三度目の運命 =4=





 翌日、尚貴が目を覚ましたのは正午を回った頃だった。唯一の寝台での上で伸びをして、床へ降り立つ。

 祖父がオーナーのこのマンションは、二十階建てで三部屋を基準としたファミリータイプとなっている。
 エレベーターは高層用と全階用の前三基で居住者利便を図り、さらには下まで降りていられないだろう高層階のためにダストシュートは完備。また、駐車場にはシェルターが用意され、横から吹き込むような雨以外は凌げるようになっているのがウリでもある。
 尚貴の部屋はちょうど真ん中の十階奥の角部屋にあたる。ダストシュートは使えるし、エレベーターで下に行くにも不便とは感じない高さだ。
 しかも日当たりは良いし、廊下を通る人の気配も気にならない。売ればそこそこの値がつくだろう部屋は、祖父が不動産会社に探させた結果だ。
 誰かの気配のする場所で何かに没頭することは、その誰かにすべてを許したことになる。だから、尚貴はこのマンションを自分だけのテリトリーにしていた。

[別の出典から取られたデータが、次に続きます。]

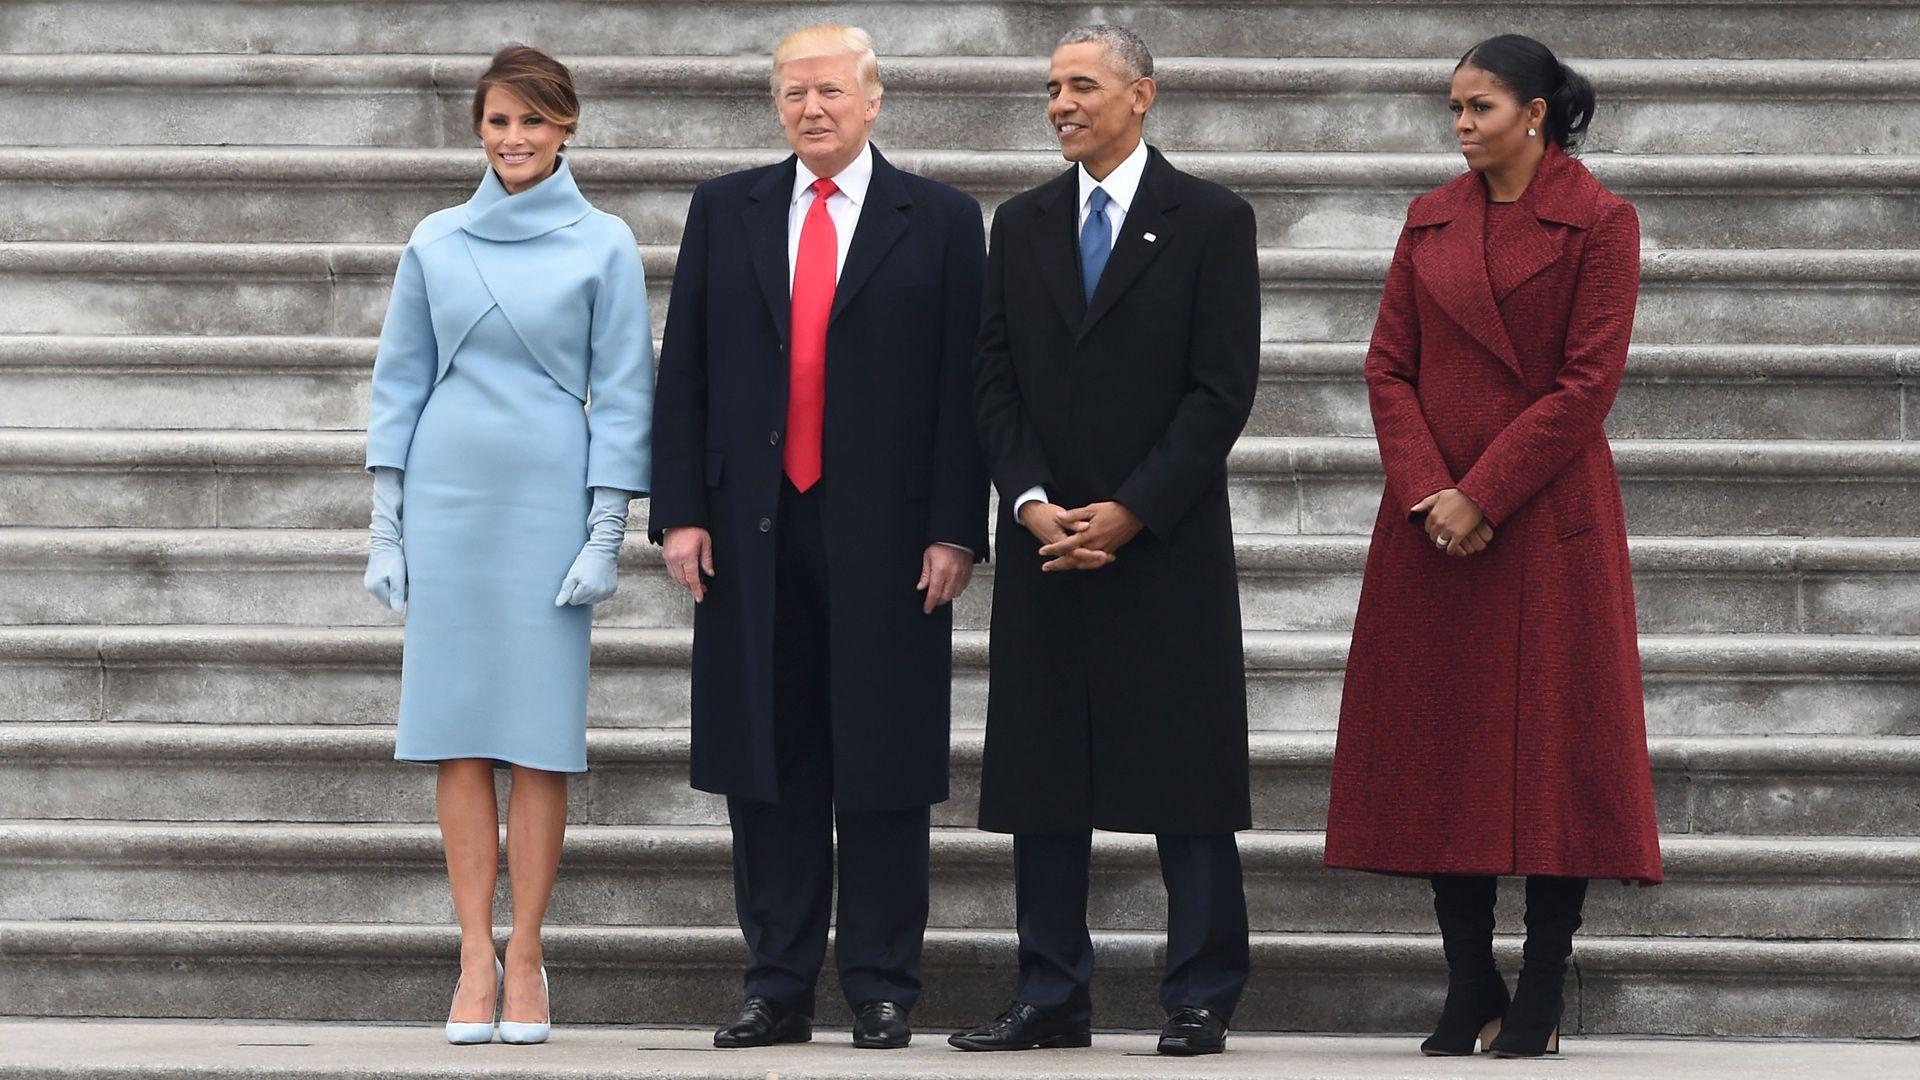 Trump inauguration: Compare 2017 with 2009

 入ったことがあるのはせいぜい祖父の手の者だけ。夜の相手を招いたことは当然なく、携帯でのみ繋がっている。
 一人暮らしである尚貴の使い方といえば、三つある居住空間は寝室、仕事部屋、そして資料部屋という名の物置。誰かを呼ぶつもりもないから、すべてが有意義なスペースを残していた。
 その生活が昨夜を境に一変した。
 現実は小説よりも奇なり。
 まさに、昨夜の出来事を一言で表すならこれしかあるまい。




『―――――アオ、です』
 本名を聞いた尚貴に、彼はプレートと異なる名前を告げた。”SOU”とアオ。連鎖反応で「蒼」という字が浮かんだ。
 音読みと訓読みで名前を区別するなんて単純だがそれだけで別人になれる。ああいった店で働くには本名とかけ離れていないほうが馴染み易い。

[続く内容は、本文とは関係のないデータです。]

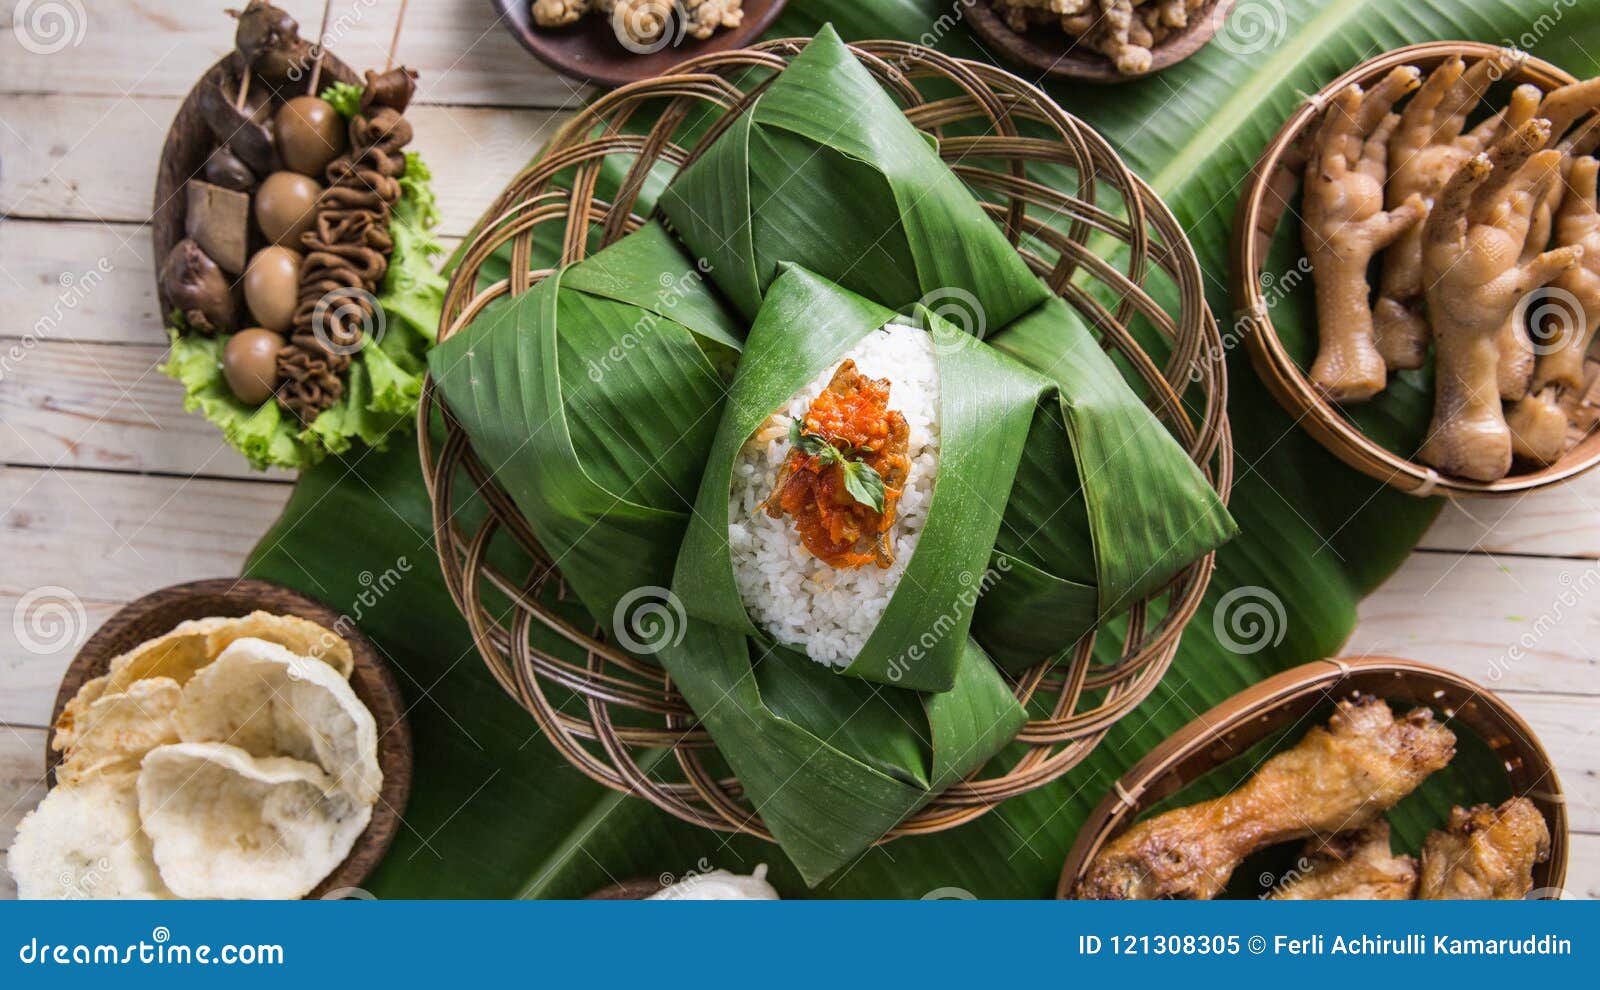 Nasi Angkringan or Nasi Kucing. Indonesian Traditional Stock Image

 苗字を抜かして答えたのは自分の正体をすべて明かす気がないという表れだろうか。それを証明する様に車の中での短いやり取りで得た情報は数少なかった。
 蒼が一人暮らしをしていること。
 年齢がやはり未成年であること。
 そしてあの店に理由があっていたこと。
 最後のは誘導尋問のような形で答えさせ、それからの会話はマンションに着くまで成立しなかった。

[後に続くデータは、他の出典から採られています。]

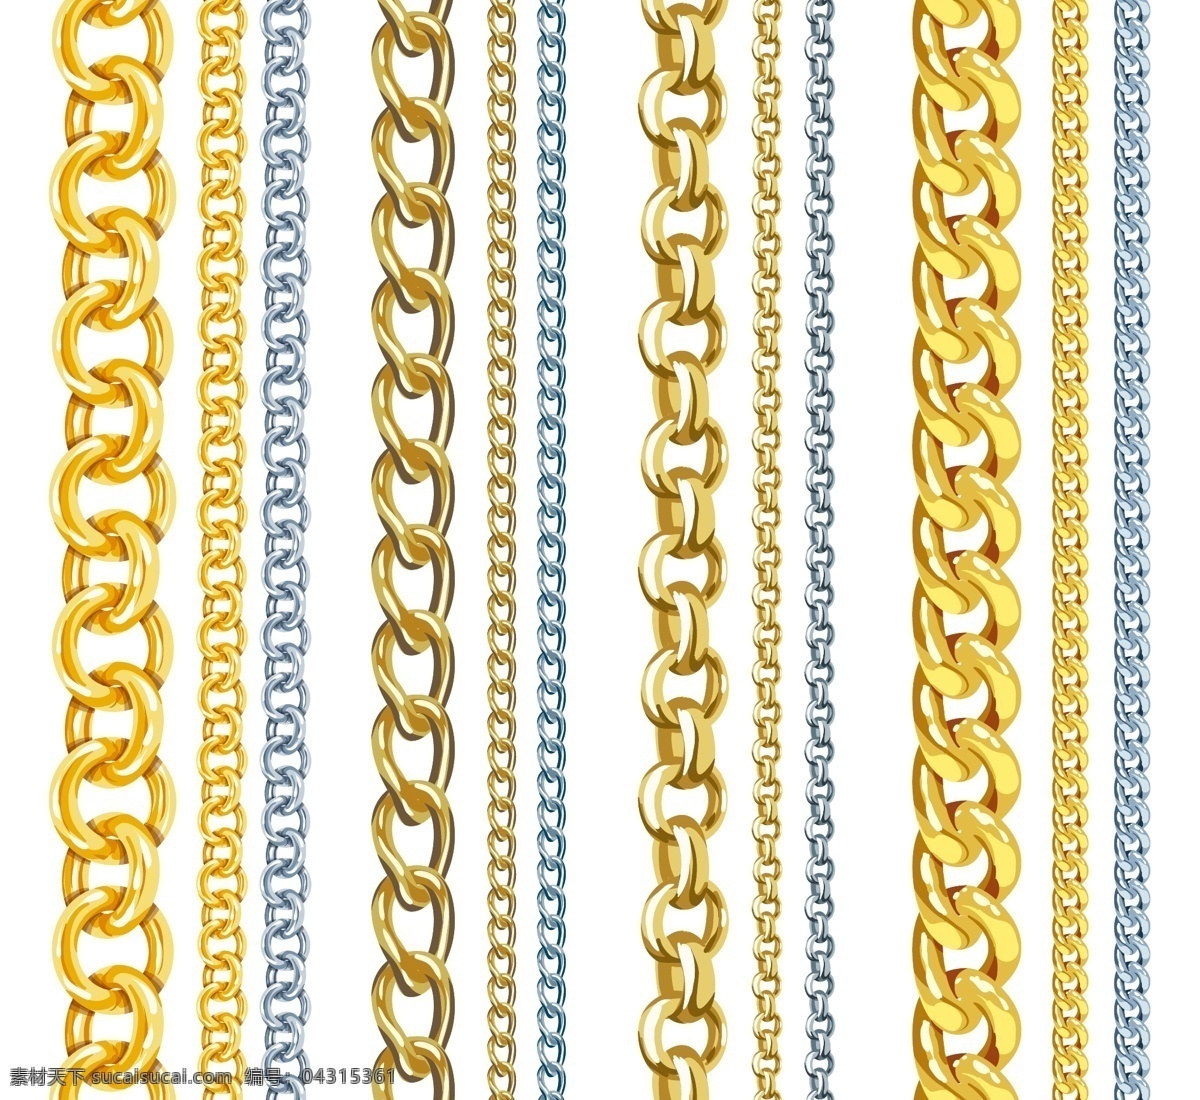 12款 金属链条设计 铁链 金属 链条 装饰 链子 矢量图 底纹边框 其他素材

 好奇心の強い性格だとの自覚があっても、自分から抱え込む真似だけはすまいと思っていた。――すでに過去形で語らなくてはなるまい。
 友人に連れて行かれた店の従業員と違う場所で出会い、追っ手から彼を匿おうとしている。彼の背後関係がまったくわからない状態だというのに。小説にありがちな、事件に巻き込まれた主人公のようだ。
 自分は小説を書くのが仕事であって、まさかそれを体験するとは思っていなかった。その一方で不思議と次を待っている自分がいる。この歳になって、新たな一面を発見したようなお得感があるのだから、我ながら軽いと苦笑してしまう。
 寝室の扉を開け、廊下に出た尚貴は目を見張った。輝くばかりの――とは言いすぎだが、明らかに就寝前とは廊下が違う。
 眠った時刻は彼のほうが遅かっただろうに。
「……拾い得だったかな」
 呟いて、すでに先ほどまでの言葉を撤回している自分に苦笑した。




 昨夜、尚貴が蒼に出したとりあえずの条件は単純なものだ。
 掃除、洗濯、炊事をきちんとこなすこと、である。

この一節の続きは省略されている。